How to Make Healthy Stuffed Sweet Potatoes

Woman's hands holding two sweet potatoes

Sweet potatoes are a fantastic food for anyone who aims to eat--and feed their family--a healthy diet. The potatoes are packed with vitamins A, C and numerous B vitamins, as well as fiber, potassium and the antioxidant beta-carotene. Plus, their sweet flavor and creamy texture (both quite elusive among "health foods") tend to make them a hit with even fussy kids, as well as their parents. A sweet potato, even a really big one, isn't a complete meal, but you can easily make it the basis of one by adding stuffing. Choose stuffing ingredients selectively, and you'll not only turn an already tasty sweet potato into a delicious full meal, you can also augment, rather than offset, its health benefits.

The following stuffed sweet potato recipe features lean, protein-rich chicken breast, vitamin-packed spinach and mushrooms, along with beans, which are filling and rich in fiber and iron. A sprinkle of sunflower seeds adds crunch and a decent dose of vitamin E; onions and garlic add tons of flavor; some chopped sun-dried tomatoes give the stuffing an umami boost.

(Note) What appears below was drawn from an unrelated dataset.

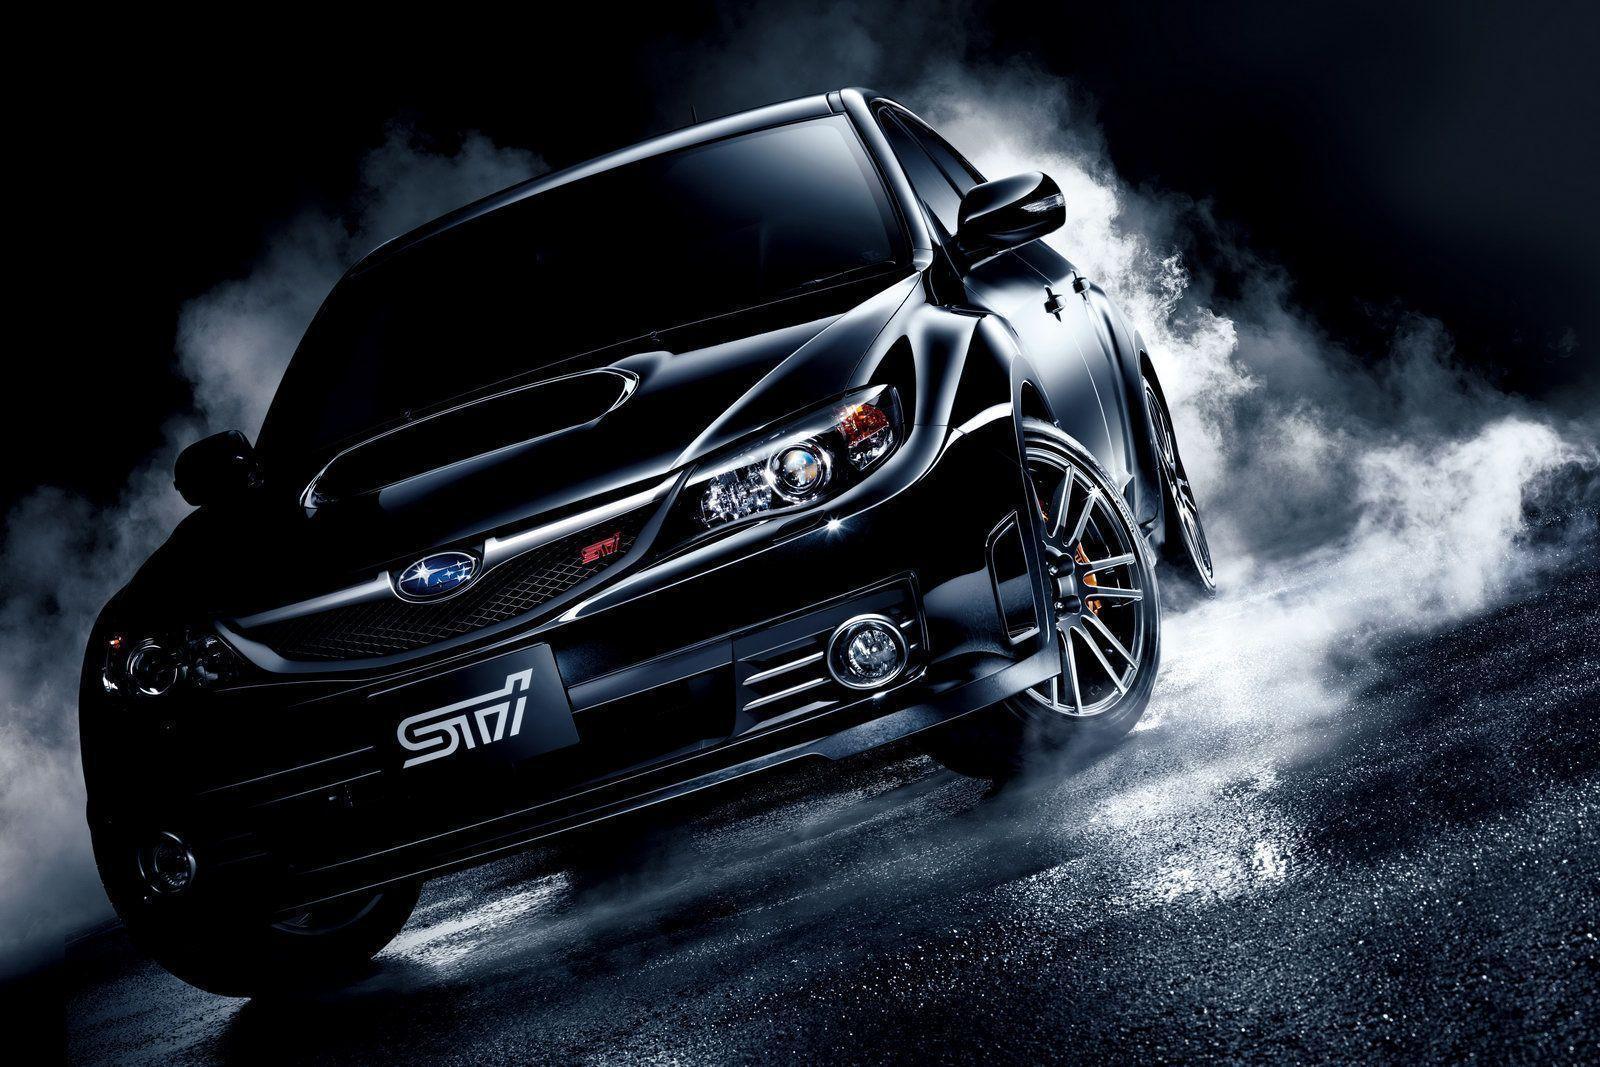 All &;bout Cars: Subaru Impreza WRX STI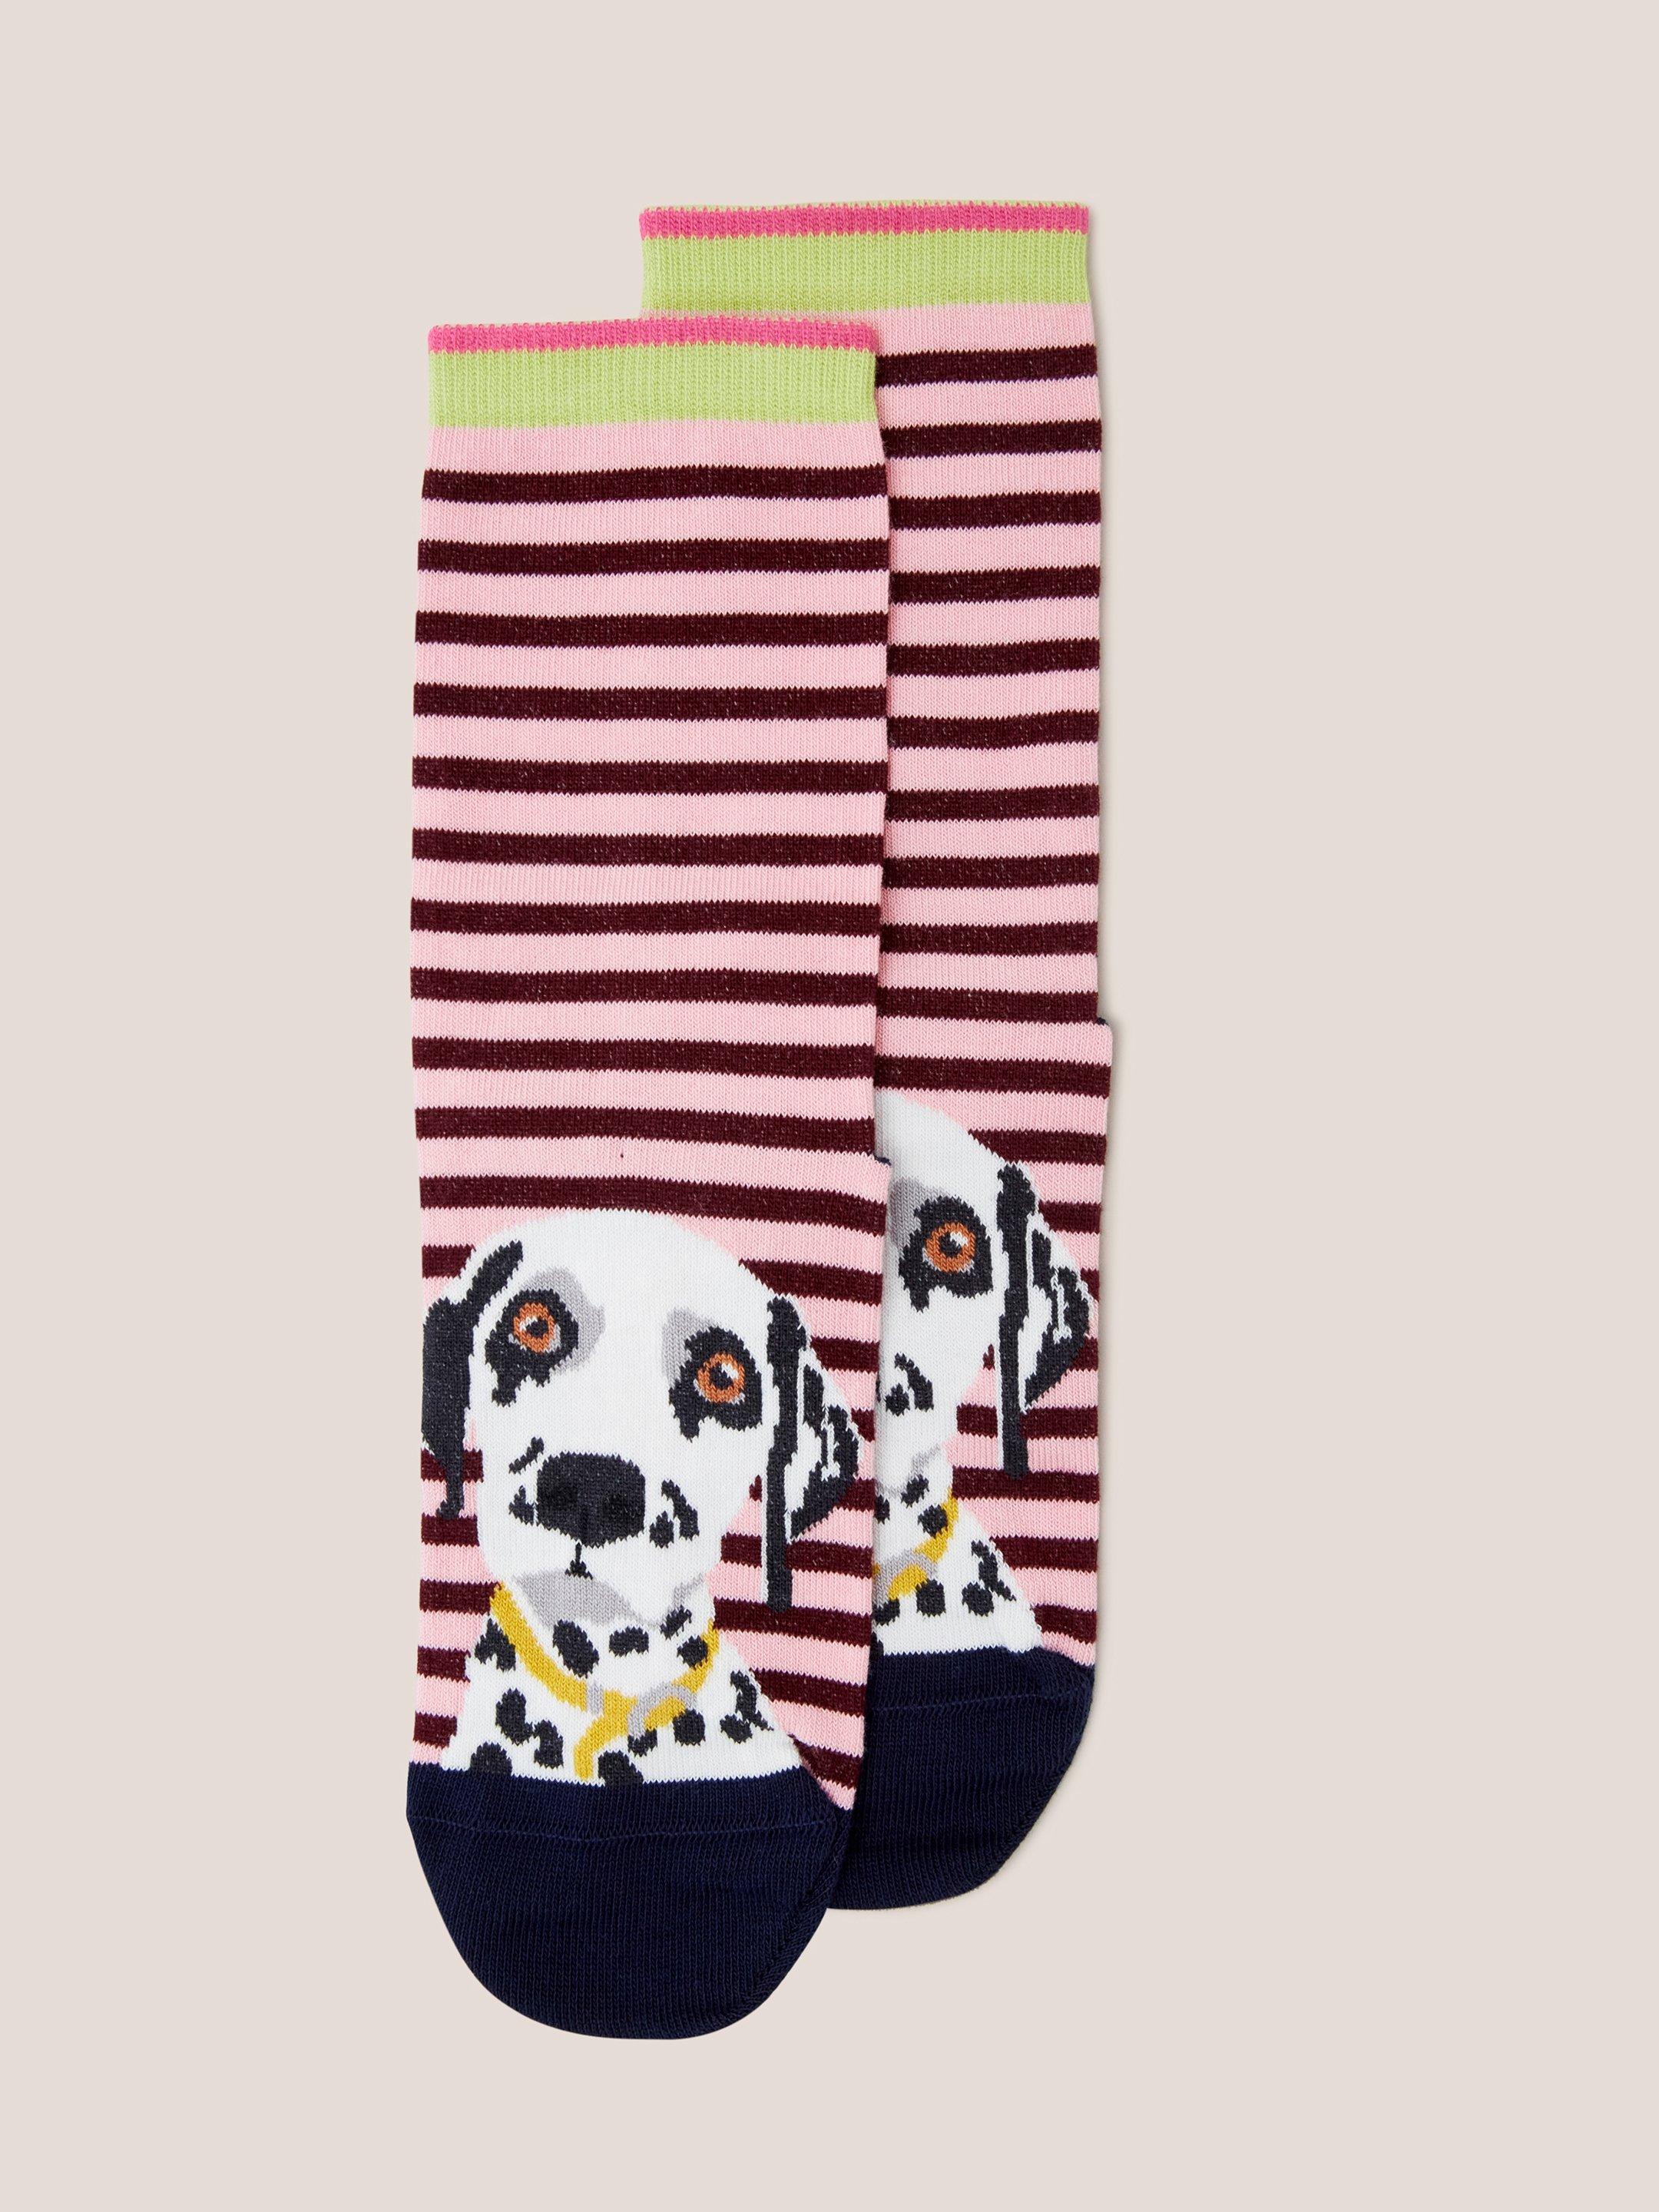 Dalmatian Stripe Ankle Sock in PINK MLT - FLAT FRONT

Together, these ingredients come together as a healthy stuffing for sweet potatoes that's packed with flavor and covers all the nutritional bases.

Total Time: 20 minutes | Prep Time: 5 minutes | Serves: 4


  • 4 large sweet potatoes, scrubbed
  • 1 tablespoon olive oil
  • 2 boneless, skinless chicken breasts, sliced or diced
  • 8 ounces mushrooms, sliced
  • 1 small onion, diced
  • 3 cloves garlic, minced
  • 1 tablespoon sun-dried tomatoes, minced
  • 1 (15-ounce) can beans, such as black, kidney, cannellini or chickpeas, drained and rinsed
  • 3 cups fresh baby spinach
  • 2 tablespoons sunflower seeds
  • Salt and pepper


Cook the Sweet Potatoes:

  1. With a sharp knife, pierce the skins of the sweet potatoes in four or five places.
  2. Place the sweet potatoes in a heatproof dish, and microwave them on high for 5 minutes.
  3. Rotate the sweet potatoes, and microwave them on high for another 5 minutes.
  4. Test the sweet potatoes by inserting a sharp knife into the center of the largest one. If it feels very soft, they are cooked. If the knife meets any resistance, continue to microwave the sweet potatoes, 2 to 3 minutes at a time, until they're thoroughly cooked. 
  5. If necessary, cover the dish with foil to keep the sweet potatoes warm until the stuffing is ready.

Make the Stuffing:

  1. In a wide skillet over medium-high heat, add the olive oil, onions, chicken and mushrooms, plus salt and pepper to taste. Cook, stirring frequently, until the chicken has turned white, approximately 3 to 5 minutes.
  2. Turn the heat down to medium, and add the garlic and sun-dried tomatoes. Stirring frequently, continue to cook everything until the mushrooms have released their liquid, then until it has mostly evaporated, approximately 5 to 8 more minutes. At this point, the chicken should be almost cooked.
  3. Add the beans and spinach, and continue to cook for a few more minutes, until the beans have heated through and the spinach has wilted. Turn off the heat.

Stuff the Sweet Potatoes:

  1. Slice about two-thirds of the way down the center of each sweet potato, and open them out to expose the centers. 
  2. Spoon the stuffing over the middle of each sweet potato, dividing it evenly between them.
  3. Sprinkle the sunflower seeds over the top of the stuffed sweet potatoes; then serve.


  • You can easily substitute, remove or add any of the stuffing ingredients, but try to use similarly healthy ones. For example, you could use salmon instead of chicken, cooked lentils instead of beans, add olives or use different vegetables, such as bell peppers, green peas, zucchini and kale. 
  • Consider a drizzle of a healthy dressing, such as balsamic vinegar, plain yogurt mixed with lemon juice or tahini, as a finishing touch.